La mayoría de los vecinos no escuchó demasiado. El barrio, aseguran, siempre fue tranquilo, aunque de un tiempo a esta parte, como tantos, asiste a la proliferación de casas tomadas, grupos que se reúnen para consumir alcohol y drogas en la vía pública, e incluso hasta para asaltar o “pedir peaje” a quienes pasan a determinadas horas por delante de ellos.
“Es un barrio re tranquilo, de noche y de día”, aseguró una vecina. La mayoría no escuchó nada, ni la música de la casa donde se festejaba el cumpleaños. Uno de los vecinos dijo que era su cumpleaños y habían ido al baile. Cuando llegaron, ya había ocurrido todo. En el lugar del abuso, ubicado en inmediaciones de un descampado, suelen guardar caballos.
“Hay como un encerradito, con alambres y tranquera. Yo no escuché nada, vivo por acá atrás. Me enteré porque mi hermano fue al kiosco y vio a la policía y se enteró. No escuchamos nada. Yo estaba durmiendo. Otros vecinos escucharon música”, relató otra vecina
“Yo me dormí y no escuché nada, me enteré al otro día cuando vino la Científica, que entró a mi casa y todo. Si hubiese escuchado algo, salgo y la rescato a la chica. Tengo hijas mujeres y nietas”, sostuvo otra mujer que vive cerca del sitio donde fue violada la chica.
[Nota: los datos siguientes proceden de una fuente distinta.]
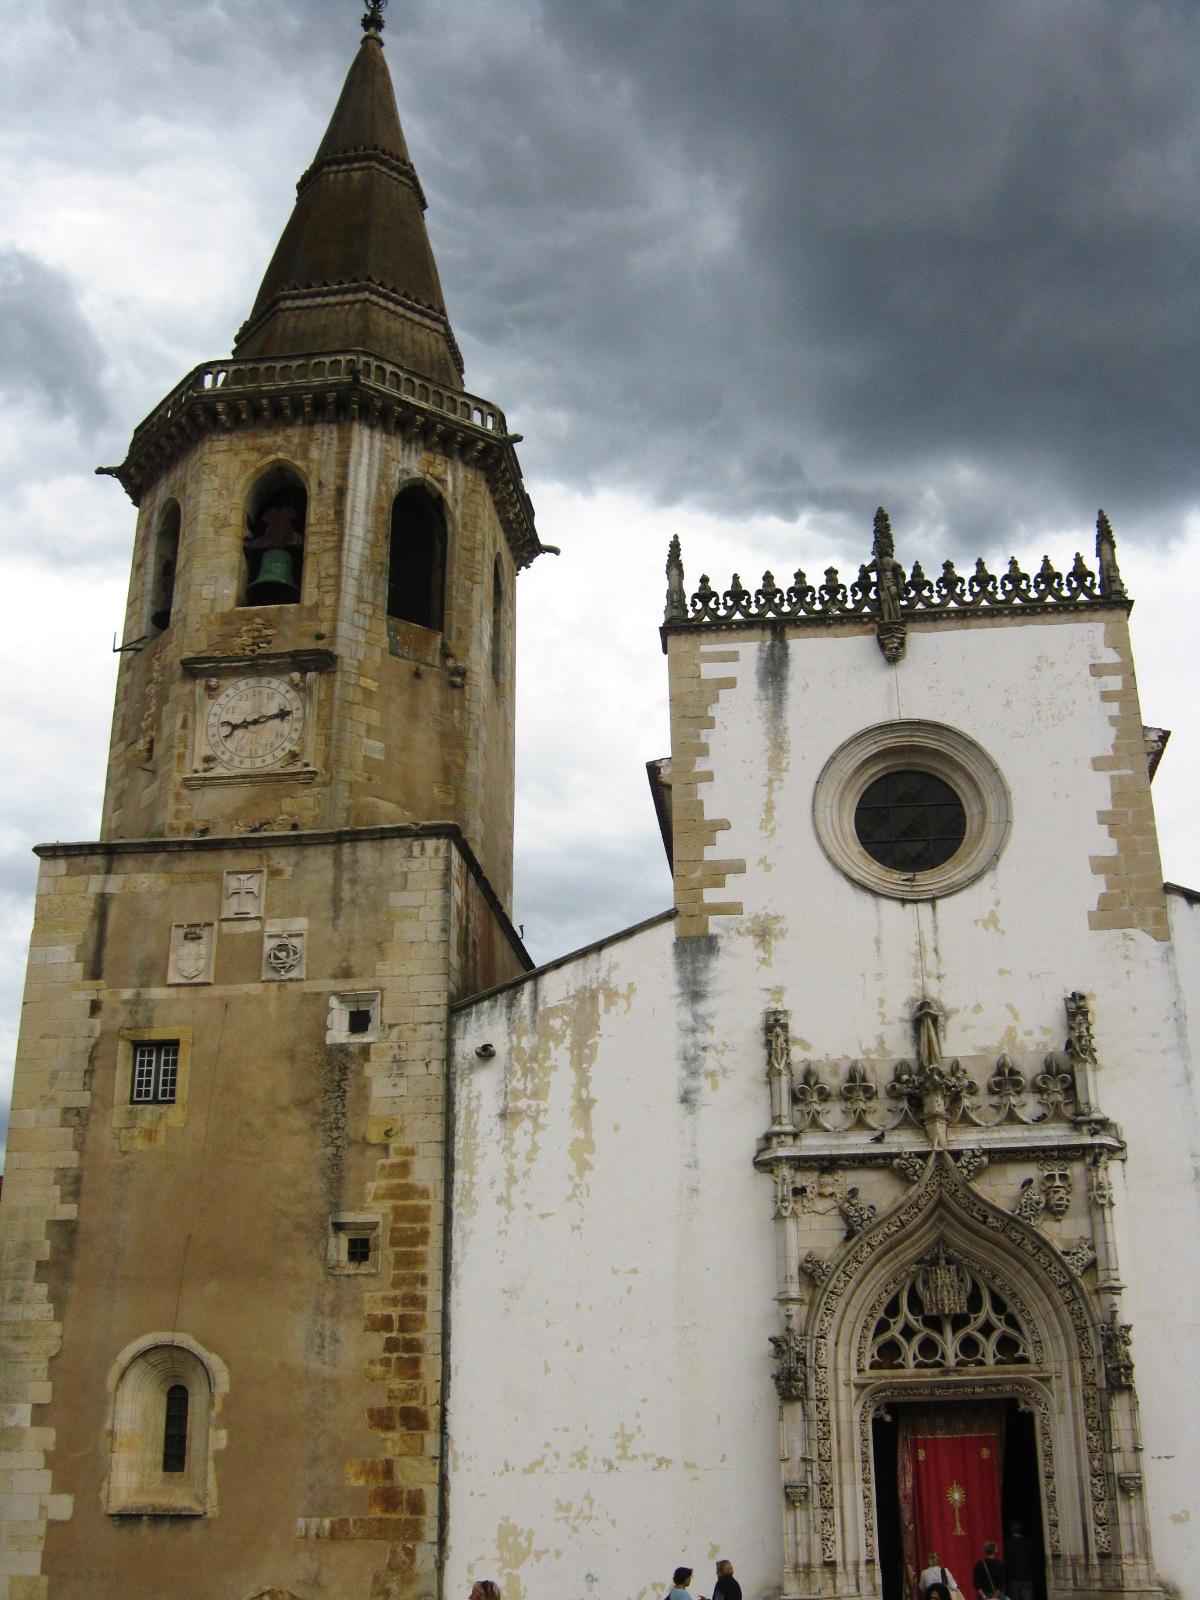 St. Baptista church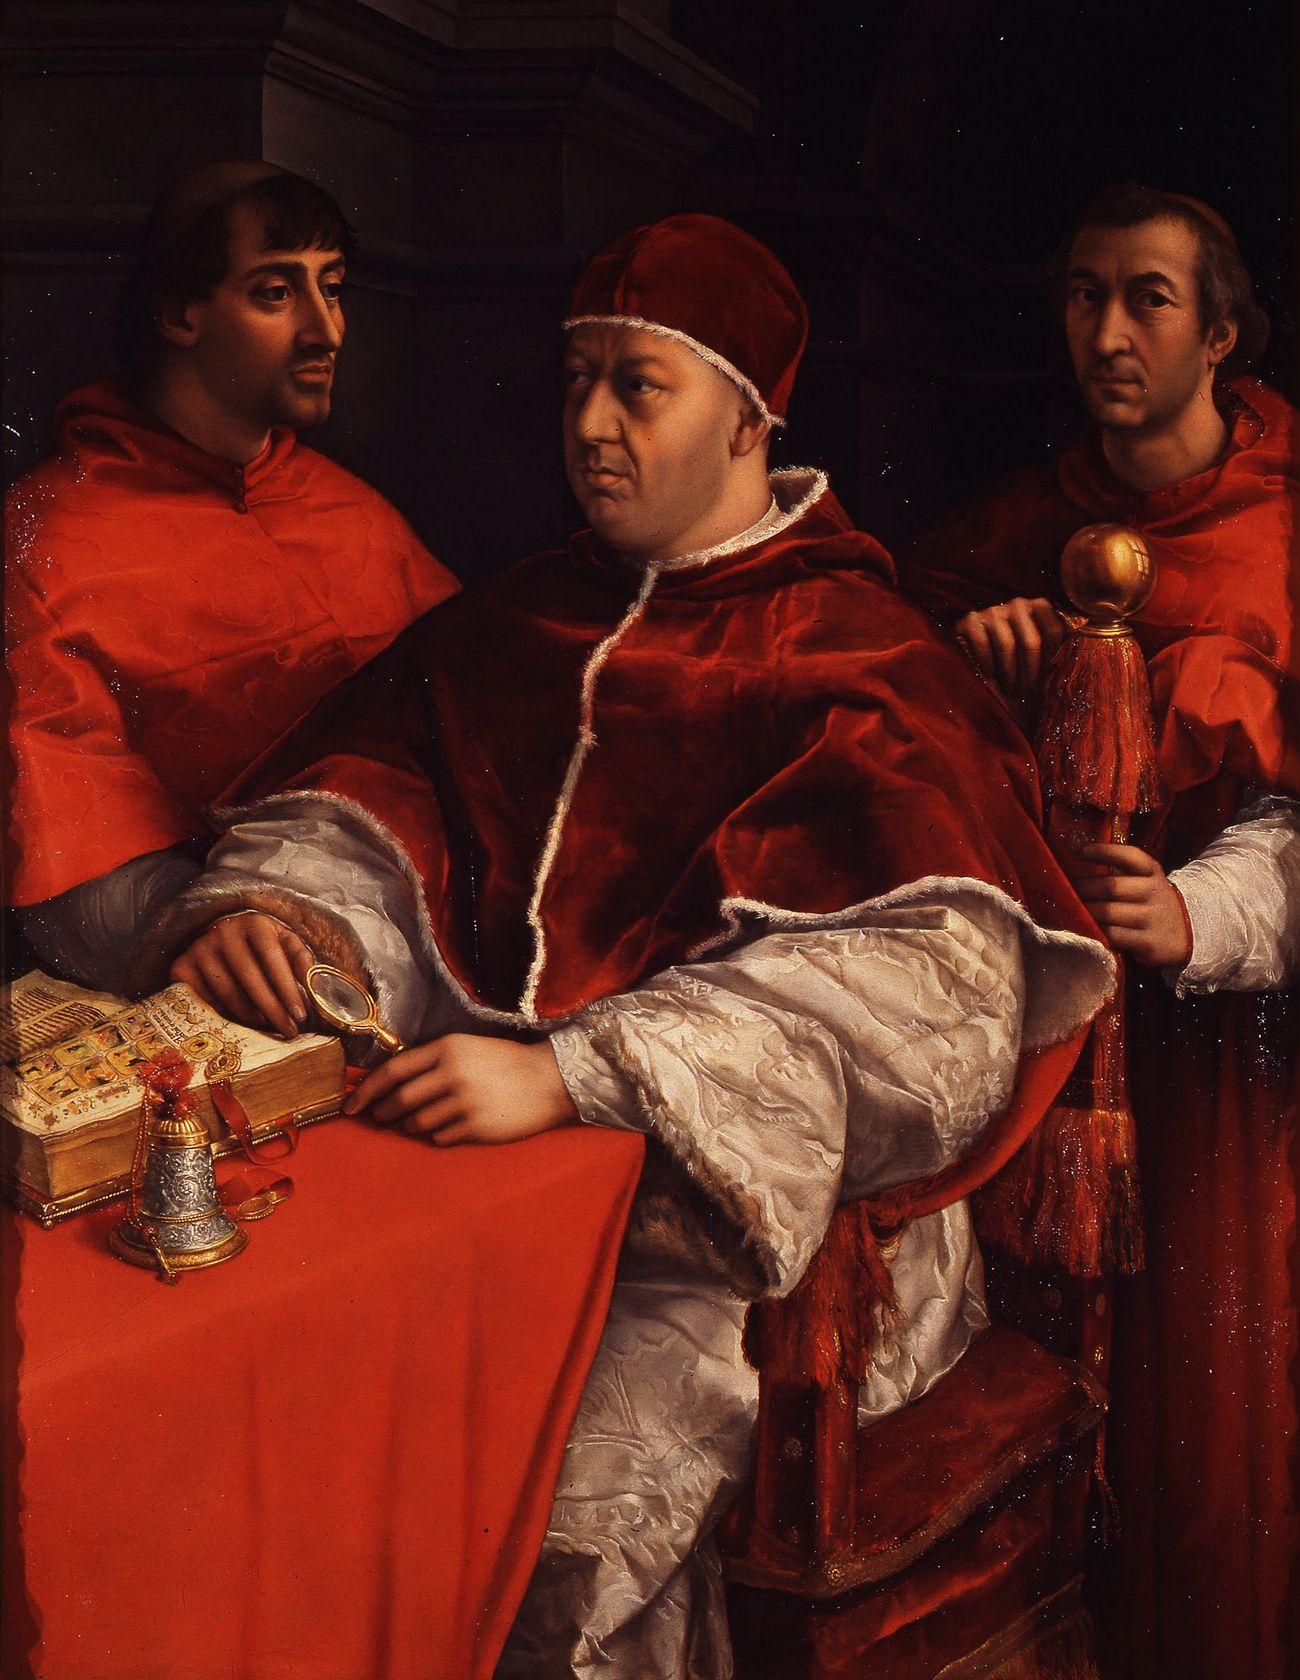 Zygmunt zadbał, aby to właśnie Jan został wyznaczony prze papieża Leona X (na portrecie pędzla Rafaela) na kolejnego biskupa Wileńskiego.

“Mi marido dijo que sintió algún grito, pero de acá no se escucha nada. No sabíamos qué había pasado hasta que escuchamos al Comisario”, contó otra mujer del barrio, quien sostuvo que en la zona “no se escuchan tiros ni nada, acá es tranquilo”.
“Es peligroso del otro lado de la vía, los chicos se juntan a fumar y a tomar ahí, a veces molestan o roban. Esto es oscuro, eso sí”, señaló otra señora.
Otra fiesta de 15, otro abuso
En marzo de 2015, otra fiesta de cumpleaños terminó con un abuso sexual. La celebración era en la denominada Quinta del Nono, en Crucero General Belgrano casi 1001, donde una chica celebraba sus 15 con amigos. Allí, otra adolescente de la misma edad y su novio se alejaron del salón y fueron abordados por delincuentes que salieron de una cortina de árboles.
No sólo les robaron, sino que además los obligaron a una serie de prácticas sexuales, para luego darse a la fuga. Algunos de ellos querían más y se acercaron al salón. Cuando el pánico ganó a los concurrentes tras enterarse de lo sucedido, un llamado al teléfono de la víctima permitió dar con uno de los agresores, que terminó hospitalizado al recibir una paliza.
Ese caso consternó a la comunidad sampedrina y también tuvo réplica en los medios nacionales, aunque varios meses después y luego de que la madre de la víctima se entrevistara con la entonces candidata a gobernadora María Eugenia Vidal en una de sus visitas de campaña.